Crucifixion Predicted in the Messiah Prophecies?
Often asked is the question of whether crucifixion was predicted in the prophecies. When Jesus of Nazareth was asked this question, he pointed to prophecies to be fulfilled by the Messiah.
Prophecies are seldom as clear as Micah’s Bethlehem prophecy predicting the Ruler of Israel would come from Bethlehem or Zechariah’s prophecy foretelling the King of Israel would come riding on the foal of a donkey. Some are delivered in perplexing, oracle-style prophecies often requiring knowledge of historical context, analogies or symbolisms, and intermingling the present and future.
Three parashahs or passages from the Old Testament, the Tenakh, are the focus of potential crucifixion prophecies – Psalms 22:1-24, Isaiah 52:13-53:12 and Zechariah 12:8-14. Historical and modern medical analysis are consistent with them.

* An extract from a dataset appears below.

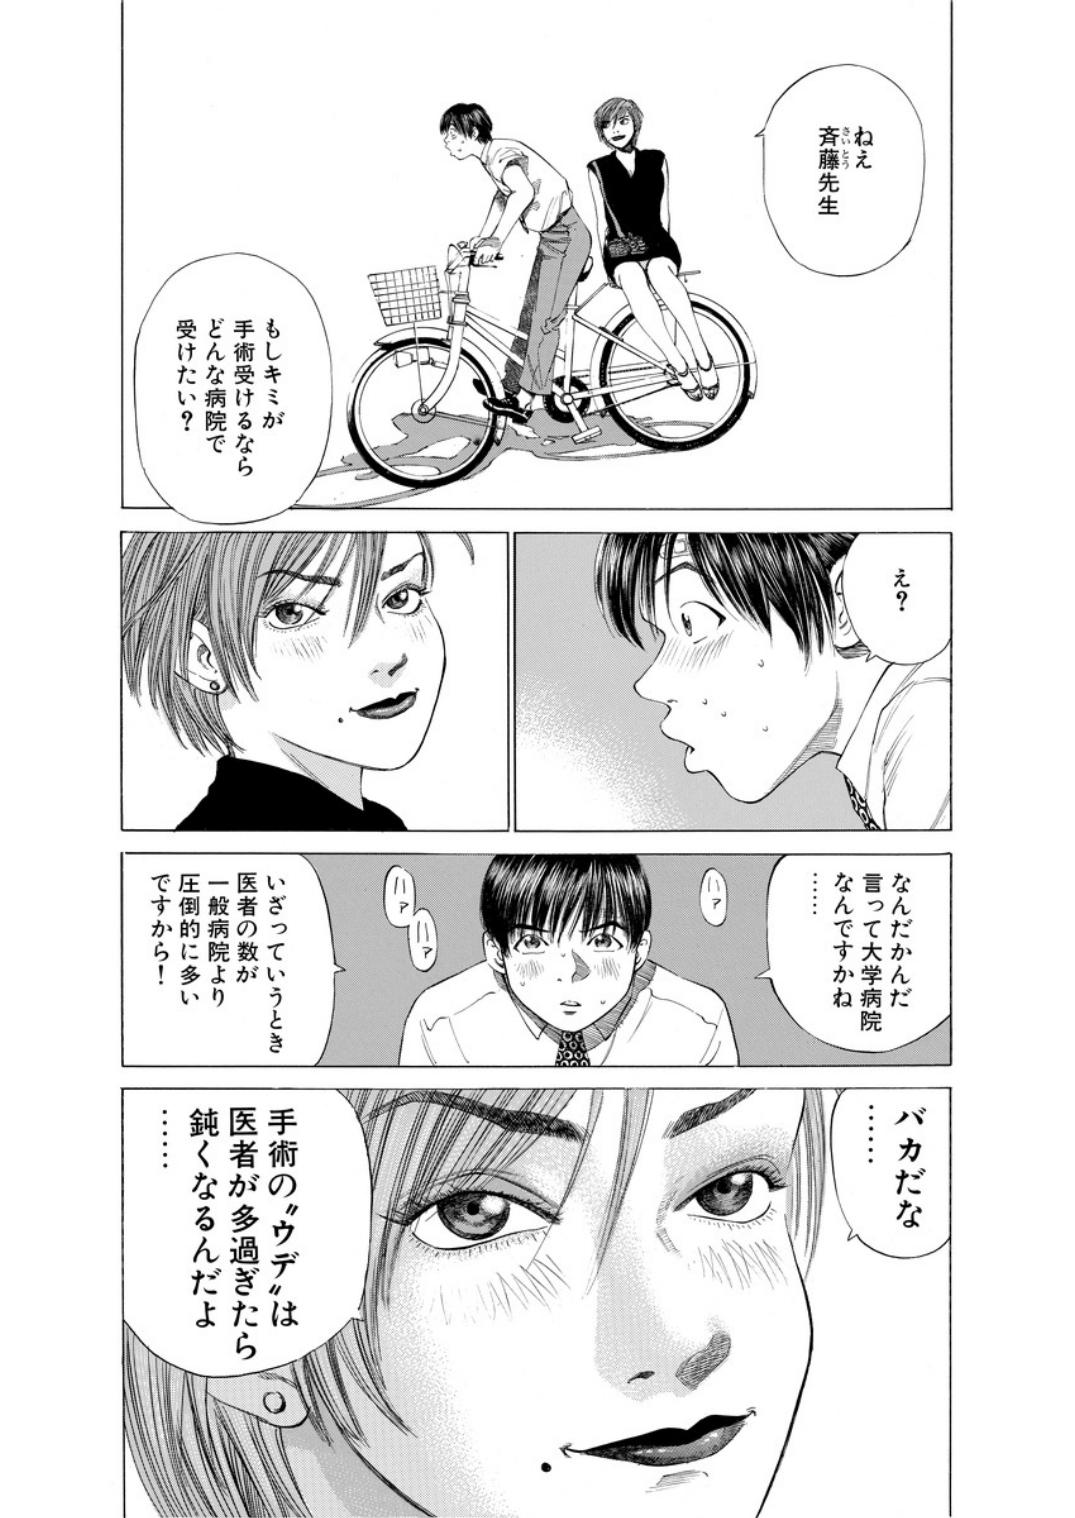 001bj_page-0205.jpg

Historical context that substantiates these prophecies first comes from Cicero, Rome’s most celebrated orator and lawyer. In a murder prosecution case, he described how a victim of a Roman crucifixion was first scourged, “exposed to torture and nailed on that cross;” it was “the most miserable and the most painful punishment appropriate to slaves alone.”
Jewish historian Josephus wrote several accounts about the terrors of crucifixion and how it became a commonplace means to kill Jews, convicted or innocent. Rescued victims did not even survive a crucifixion as attested by his own personal experience.
Modern forensic medical expert analysis of a crucifixion provides further context. The act of merely trying to take a breath added to the excruciating pain of being nailed to a cross by pulling at the nail wounds driven through nerves in the wrists while pushing up full body weight on nailed feet. Many of the crucifixion victims most likely died by asphyxiation. Add to that the psychological suffering from enduring scorn, humiliation, taunting and insults.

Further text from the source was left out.